▸ **Given data**
***

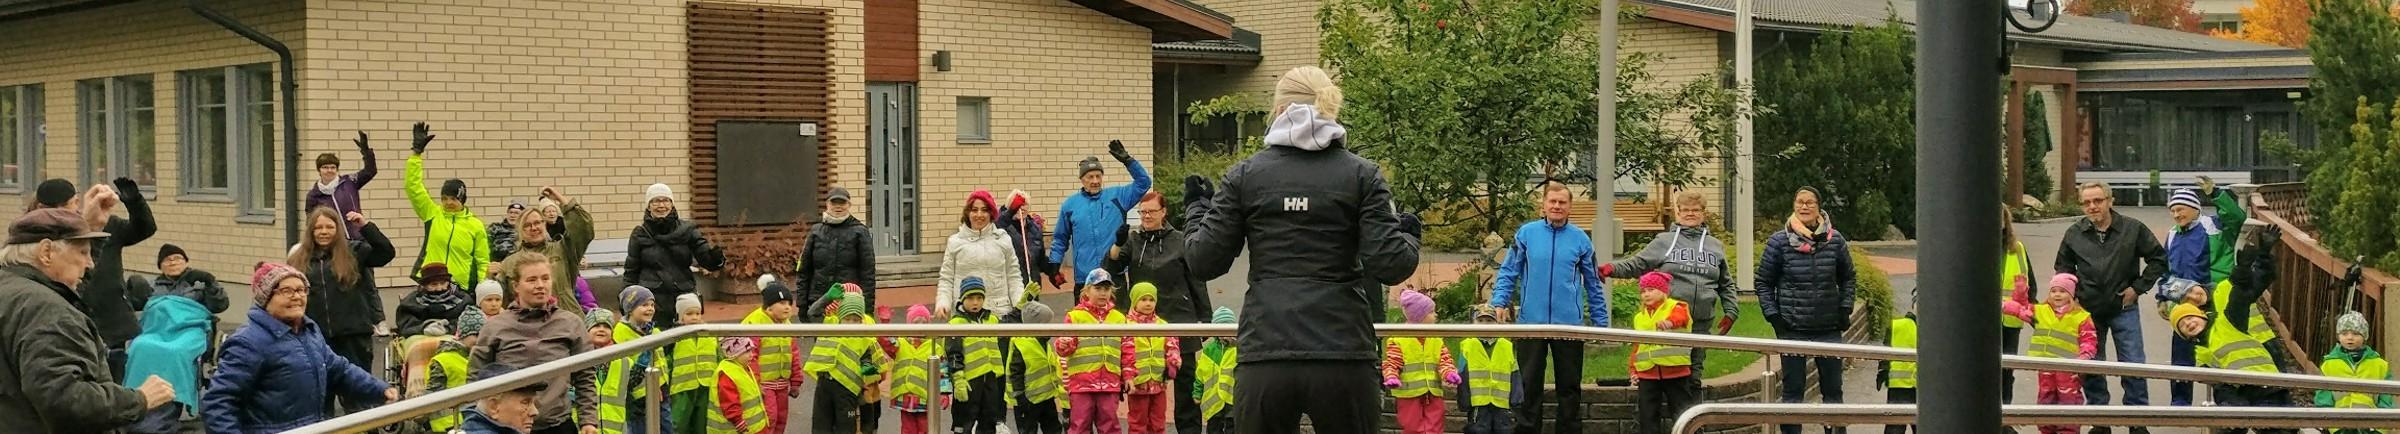 lapset ja vanhukset tanssivat yhdessä
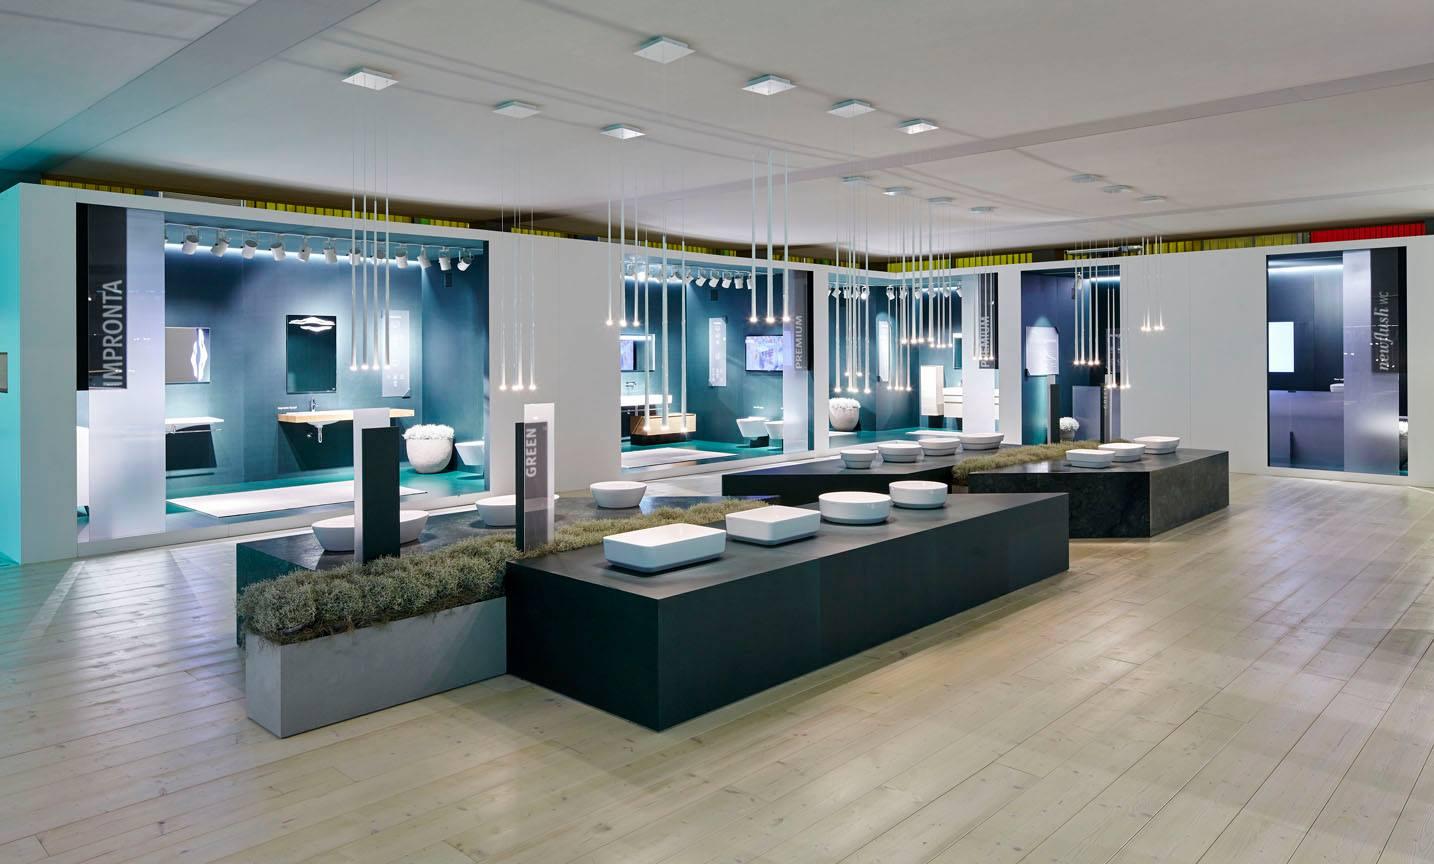 Muebles De Baño Keiblair:baños sanitarios griferías mamparas muebles de baño y accesorios
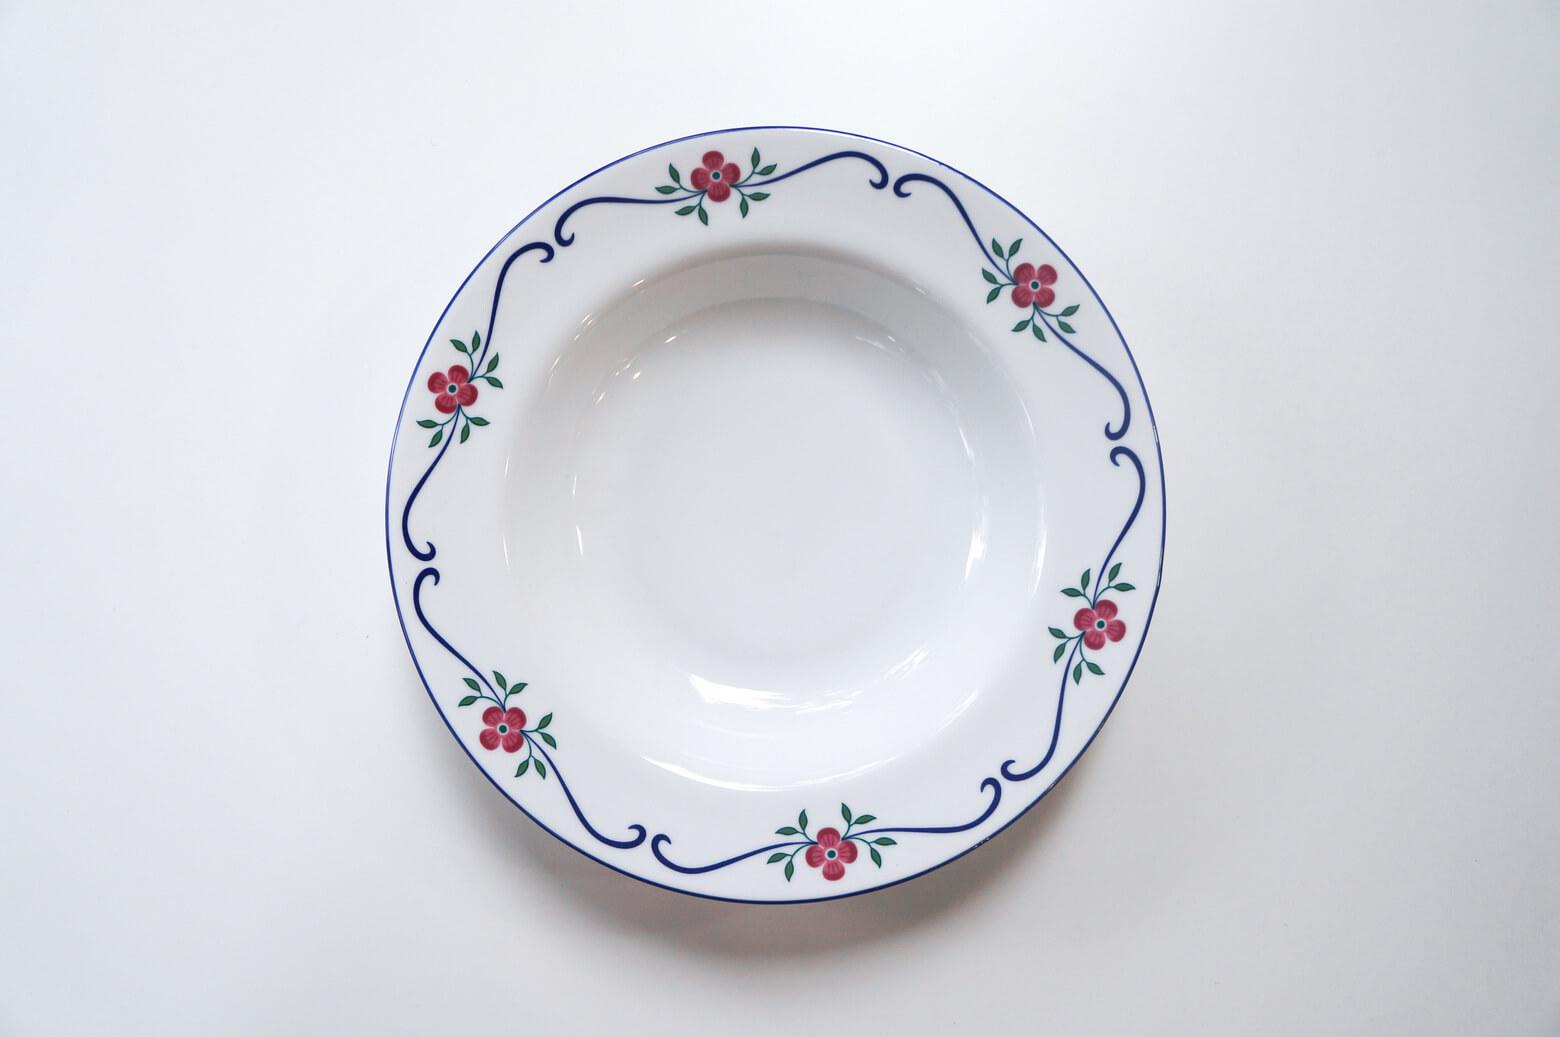 """1726年、スウェーデン皇室御用達釜として創業した陶器メーカー、Rorstrand/ロールストランド。 Sundborn/スンドボーンシリーズは女性デザイナーのPia Ronndahl/ピア・ロンダールが手がけました。 白地に赤いお花、緑色の葉っぱ、青色のラインがパッと映える、可憐でロマンティック、そしてクラシカルな雰囲気のシリーズです。 普段使いにはもちろん、おもてなしの時にもぜひお使いください。 ほとんど使用感のない、比較的良好なコンディションです。 Pia Ronndahl/ピア・ロンダールはお花を愛してやまない女性デザイナー。 お花モチーフの作品は彼女の代名詞にもなっており、""""彼女が筆を持つとお皿の上を躍動する""""と言われているんです♪ ~【東京都杉並区阿佐ヶ谷北アンティークショップ 古一】 古一/ふるいちでは出張無料買取も行っております。杉並区周辺はもちろん、世田谷区・目黒区・武蔵野市・新宿区等の東京近郊のお見積もりも!ビンテージ家具・インテリア雑貨・ランプ・USED品・ リサイクルなら古一/フルイチへ~"""

***

Return the listing exactly as it appears, excluding any image.

 lapset ja vanhukset tanssivat yhdessä
 Muebles De Baño Keiblair:baños sanitarios griferías mamparas muebles de baño y accesorios
 """1726年、スウェーデン皇室御用達釜として創業した陶器メーカー、Rorstrand/ロールストランド。 Sundborn/スンドボーンシリーズは女性デザイナーのPia Ronndahl/ピア・ロンダールが手がけました。 白地に赤いお花、緑色の葉っぱ、青色のラインがパッと映える、可憐でロマンティック、そしてクラシカルな雰囲気のシリーズです。 普段使いにはもちろん、おもてなしの時にもぜひお使いください。 ほとんど使用感のない、比較的良好なコンディションです。 Pia Ronndahl/ピア・ロンダールはお花を愛してやまない女性デザイナー。 お花モチーフの作品は彼女の代名詞にもなっており、""""彼女が筆を持つとお皿の上を躍動する""""と言われているんです♪ ~【東京都杉並区阿佐ヶ谷北アンティークショップ 古一】 古一/ふるいちでは出張無料買取も行っております。杉並区周辺はもちろん、世田谷区・目黒区・武蔵野市・新宿区等の東京近郊のお見積もりも!ビンテージ家具・インテリア雑貨・ランプ・USED品・ リサイクルなら古一/フルイチへ~"""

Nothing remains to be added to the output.